I am sure some bashers of Pens fans are pretty confused about the lack
of any kind of posts about the recent Pens massacre of the Devils. Actually,
I am  bit puzzled too and a bit relieved. However, I am going to put an end
to non-PIttsburghers' relief with a bit of praise for the Pens. Man, they
are killing those Devils worse than I thought. Jagr just showed you why
he is much better than his regular season stats. He is also a lot
fo fun to watch in the playoffs. Bowman should let JAgr have a lot of
fun in the next couple of games since the Pens are going to beat the pulp out of Jersey anyway. I was very disappointed not to see the Islanders lose the final
regular season game.          PENS RULE!!!


10
rec.sport.hockey


Remember we have to specify the size of our vocabulary. Words that are less frequent will get removed. In this case we want to retain the 20,000 most common words.

In [14]:
vocab_size = 20000 # Define the vocabulary size

tokenizer = Tokenizer(num_words=vocab_size) # Setup tokenizer
tokenizer.fit_on_texts(texts) # Fitting the tokenizer on the data
sequences = tokenizer.texts_to_sequences(texts) # Generate sequences

In [15]:
print (tokenizer.texts_to_sequences(['Hello King, how are you?']))

print (len(sequences))
print (len(sequences[0]))
print (sequences[0])

[[1595, 1168, 82, 20, 13]]
18846
160
[14, 19415, 455, 559, 15, 29, 2552, 1240, 5609, 33, 322, 767, 2175, 2121, 871, 1343, 32, 251, 88, 77, 84, 12087, 455, 559, 15, 7, 122, 228, 63, 3, 2552, 1240, 20, 517, 3490, 50, 1, 1393, 3, 61, 437, 3, 1507, 50, 1, 1302, 2552, 3027, 3, 1, 2701, 309, 7, 122, 243, 16334, 175, 5, 4, 243, 19416, 268, 7, 122, 194, 2, 296, 37, 337, 2, 369, 4389, 22, 4, 243, 3, 7286, 12, 1, 2552, 349, 30, 20, 1502, 137, 2701, 1382, 90, 7, 397, 5987, 74, 2025, 13, 130, 56, 8, 140, 215, 90, 93, 1457, 770, 1963, 56, 8, 97, 4, 308, 9186, 1857, 2, 1306, 6, 1, 2327, 6760, 115, 348, 5987, 21, 4, 308, 3, 1857, 6, 1, 365, 658, 3, 467, 185, 1, 2552, 20, 194, 2, 1985, 1, 66, 3, 3215, 608, 7, 26, 132, 8755, 19, 2, 131, 1, 3280, 2000, 1, 1151, 1457, 770, 283, 2552, 1222]


In [16]:
word_index = tokenizer.word_index
print('Found {:,} unique words.'.format(len(word_index)))

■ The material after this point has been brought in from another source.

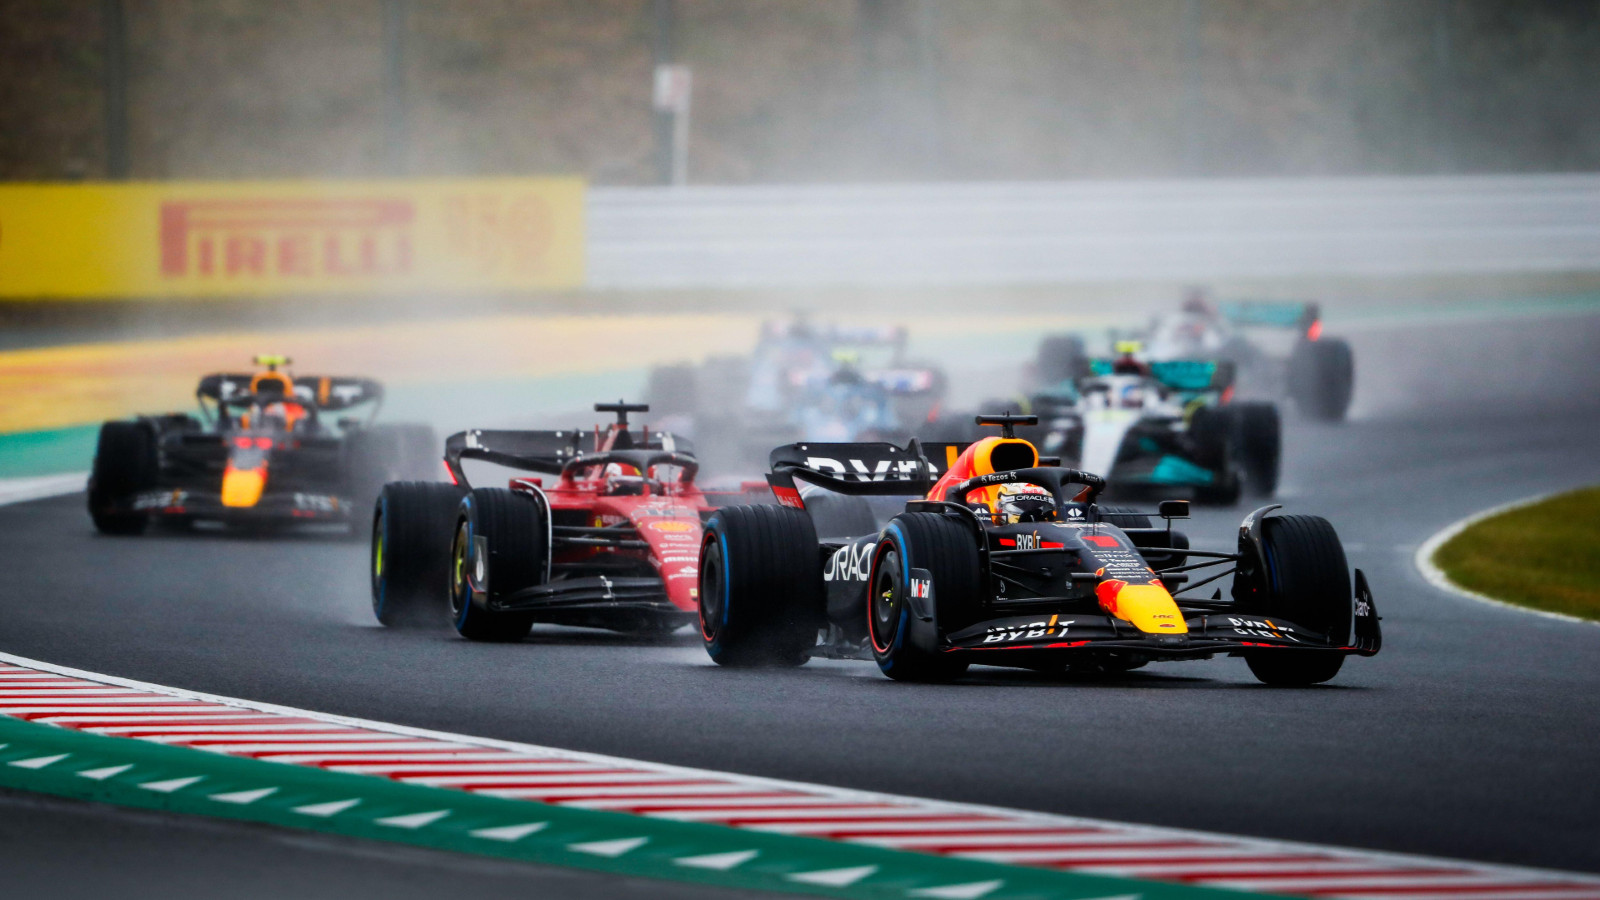 Red Bull's Max Verstappen leads Ferrari's Charles Leclerc at the Japanese Grand Prix.  Suzuka, October 2022. points

Found 179,209 unique words.


Our text is now converted to sequences of numbers. It makes sense to convert some of those sequences back into text to check what the tokenization did to our text. To this end we create an inverse index that maps numbers to words while the tokenizer maps words to numbers.

In [17]:
# Create inverse index mapping numbers to words
inv_index = {v: k for k, v in tokenizer.word_index.items()}

# Print out text again
for w in sequences[0]:
    x = inv_index.get(w)
    print(x,end = ' ')

from ratnam andrew cmu edu subject pens fans reactions organization post office carnegie mellon pittsburgh pa lines 12 nntp posting host po4 andrew cmu edu i am sure some of pens fans are pretty confused about the lack of any kind of posts about the recent pens massacre of the devils actually i am bit puzzled too and a bit relieved however i am going to put an end to non relief with a bit of praise for the pens man they are killing those devils worse than i thought jagr just showed you why he is much better than his regular season stats he is also a lot fo fun to watch in the playoffs bowman should let jagr have a lot of fun in the next couple of games since the pens are going to beat the out of jersey anyway i was very disappointed not to see the islanders lose the final regular season game pens rule 

# Measuring text length
Let's ensure all sequences have the same length.

In [18]:
# Get the average length of a text
avg = sum(map(len, sequences)) / len(sequences)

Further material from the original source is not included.